In some cases, proteins may be ordered by size. In some cases, proteins may be ordered by sorting proteins into microwells. In some cases, proteins may be ordered by sorting proteins into nanowells. In some cases, proteins may be ordered by running proteins through a gel such as an SDS-PAGE gel. In some cases, proteins may be ordered by other size-dependent fractionation methods. In some cases, proteins may be separated based on charge. In some cases, proteins may be separated based on hydrophobicity. In some cases, proteins may be separated based on other physical characteristics. In some cases, proteins may be separated under denaturing conditions. In some cases, proteins may be separated under non-denaturing conditions. In some cases, different fractions of fractionated proteins may be placed on different regions of the substrate. In some cases, different portions of separated proteins may be placed on different regions of the substrate. In some cases, a protein sample may be separated in an SDS-PAGE gel and transferred from the SDS-PAGE gel to the substrate such that the proteins are sorted by size in a continuum. In some cases, a protein sample may be sorted into three fractions based on size, and the three fractions may be applied to a first, second, and third region of the substrate, respectively. In some cases, proteins used in the systems and methods described herein may be sorted. In some cases, proteins used in the systems and methods described herein may not be sorted.

Proteins may be tagged, e.g. with identifiable tags, to allow for multiplexing of samples. Some non-limiting examples of identifiable tags include: fluorophores or nucleic acid barcoded base linkers. Fluorophores used may include fluorescent proteins such as GFP, YFP, RFP, eGFP, mCherry, tdtomato, FITC, Alexa Fluor 350, Alexa Fluor 405, Alexa Fluor 488, Alexa Fluor 532, Alexa Fluor 546, Alexa Fluor 555, Alexa Fluor 568, Alexa Fluor 594, Alexa Fluor 647, Alexa Fluor 680, Alexa Fluor 750, Pacific Blue, Coumarin, BODIPY FL, Pacific Green, Oregon Green, Cy3, Cy5, Pacific Orange, TRITC, Texas Red, R-Phycoerythrin, Allophcocyanin, or other fluorophores known in the art.

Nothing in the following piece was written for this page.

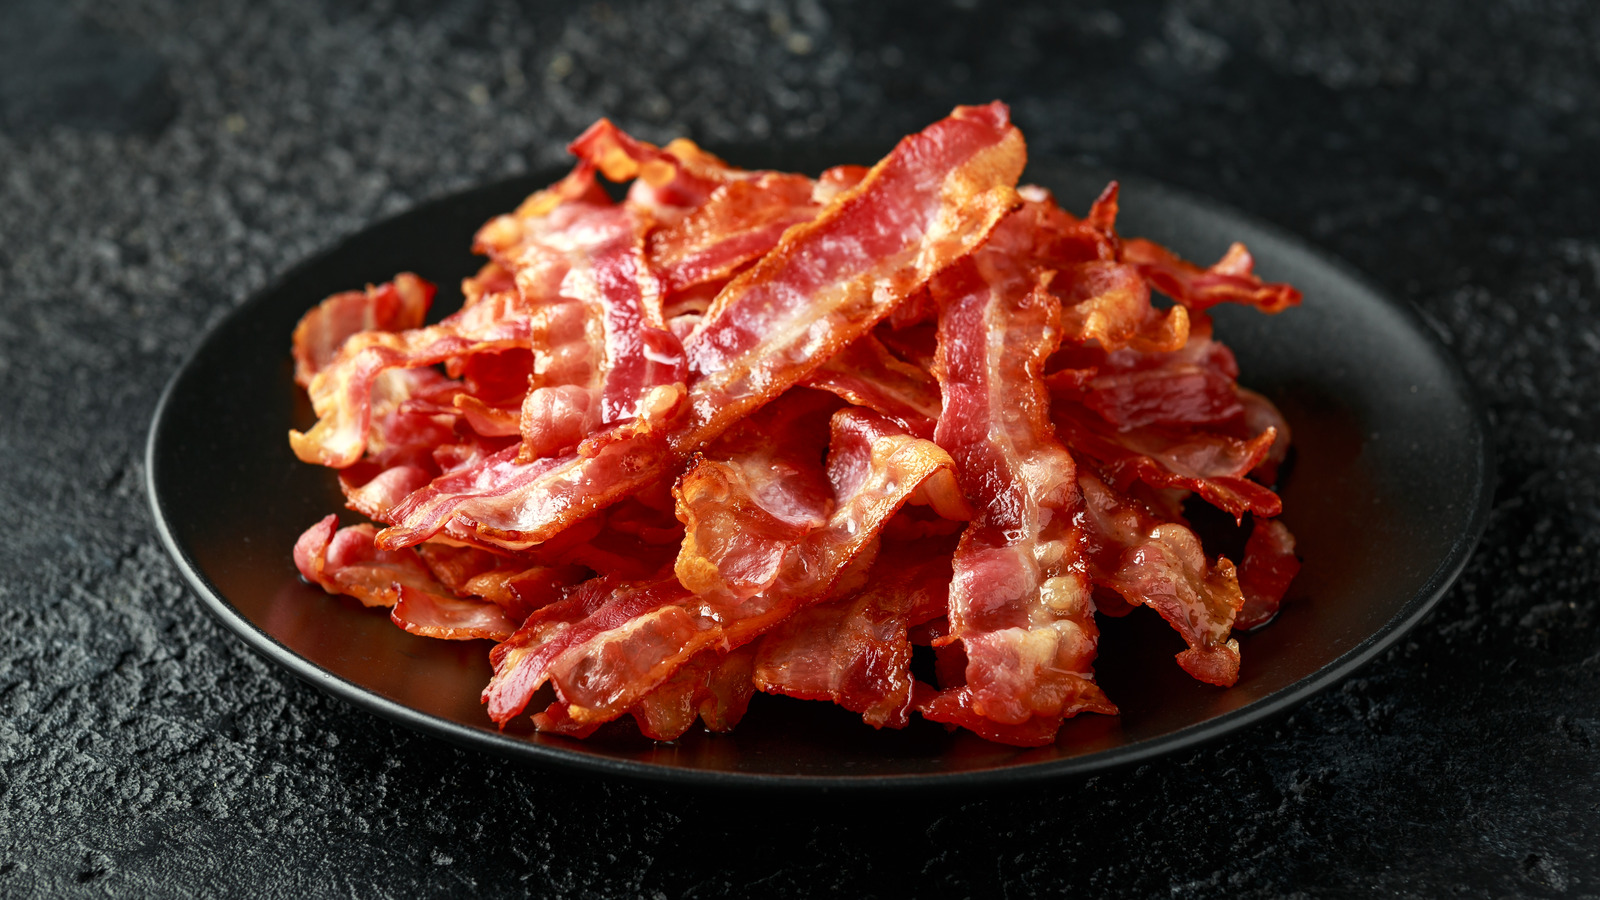 How to Reheat Bacon? 
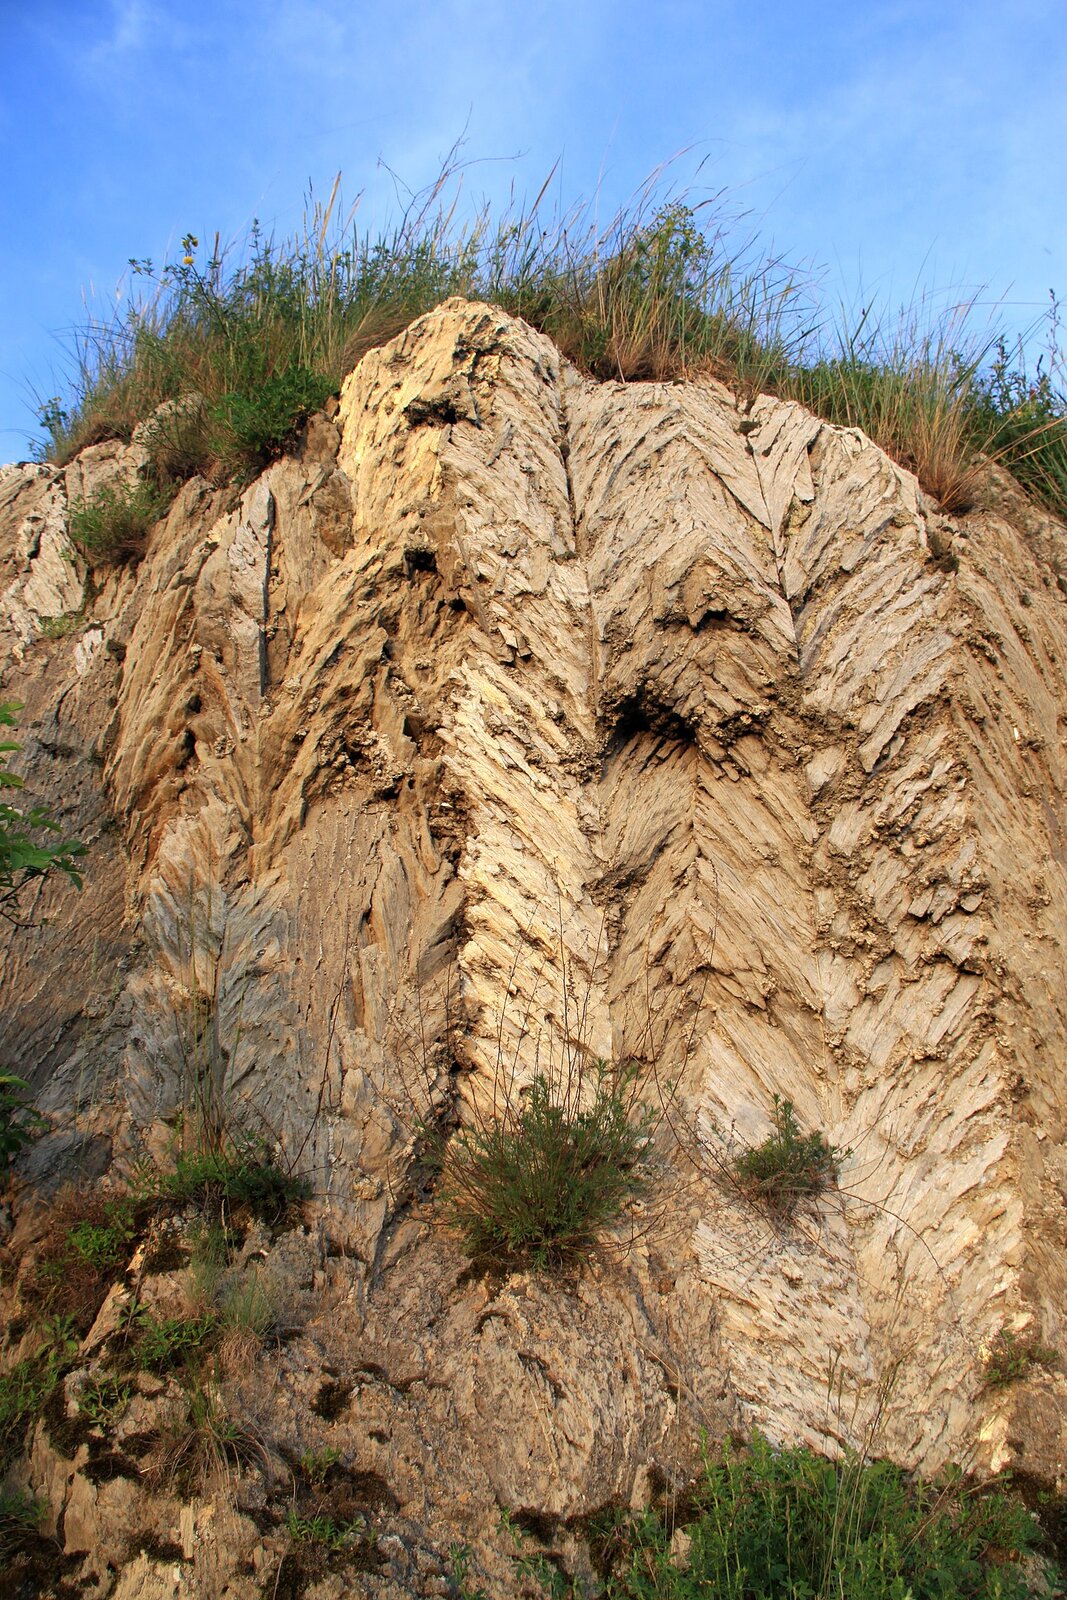 Na zdjęciu widoczna jest skała gipsowa, która tworzy ścianę wzniesienia. Ściana jest jasnoszara, ma nieregularną, chropowatą strukturę, która układa się w charakterystyczną jodełkę. Na szczycie wzniesienia rosną trawy.

Any number of protein samples may be multiplexed. For example a multiplexed reaction may contain proteins from 2, 3, 4, 5, 6, 7, 8, 9, 10, 11, 12, 13, 14, 15, 16, 17, 18, 19, about 20, about 25, about 30, about 35, about 40, about 45, about 50, about 55, about 60, about 65, about 70, about 75, about 80, about 85, about 90, about 95, about 100 or more than 100 initial samples. The identifiable tags may provide a way to interrogate each protein as to its sample of origin, or may direct proteins from different samples to segregate to different areas on a solid support.

In some embodiments, the proteins are then applied to a functionalized substrate to chemically attach the proteins to the substrate. In some cases, the proteins may be attached to the substrate via biotin attachment. In some cases, the proteins may be attached to the substrate via nucleic acid attachment. In some embodiments, the proteins may be applied to an intermediate substance, where the intermediate substance is then attached to the substrate. In some cases, proteins may be conjugated to beads (e.g., gold beads) which may then be captured on a surface (e.g., a thiolated surface). In some cases, one protein may be conjugated to each bead. In some cases, proteins may be conjugated to beads (e.g., one protein per bead) and the beads may be captured on a surface (e.g. in microwells and/or nanowells).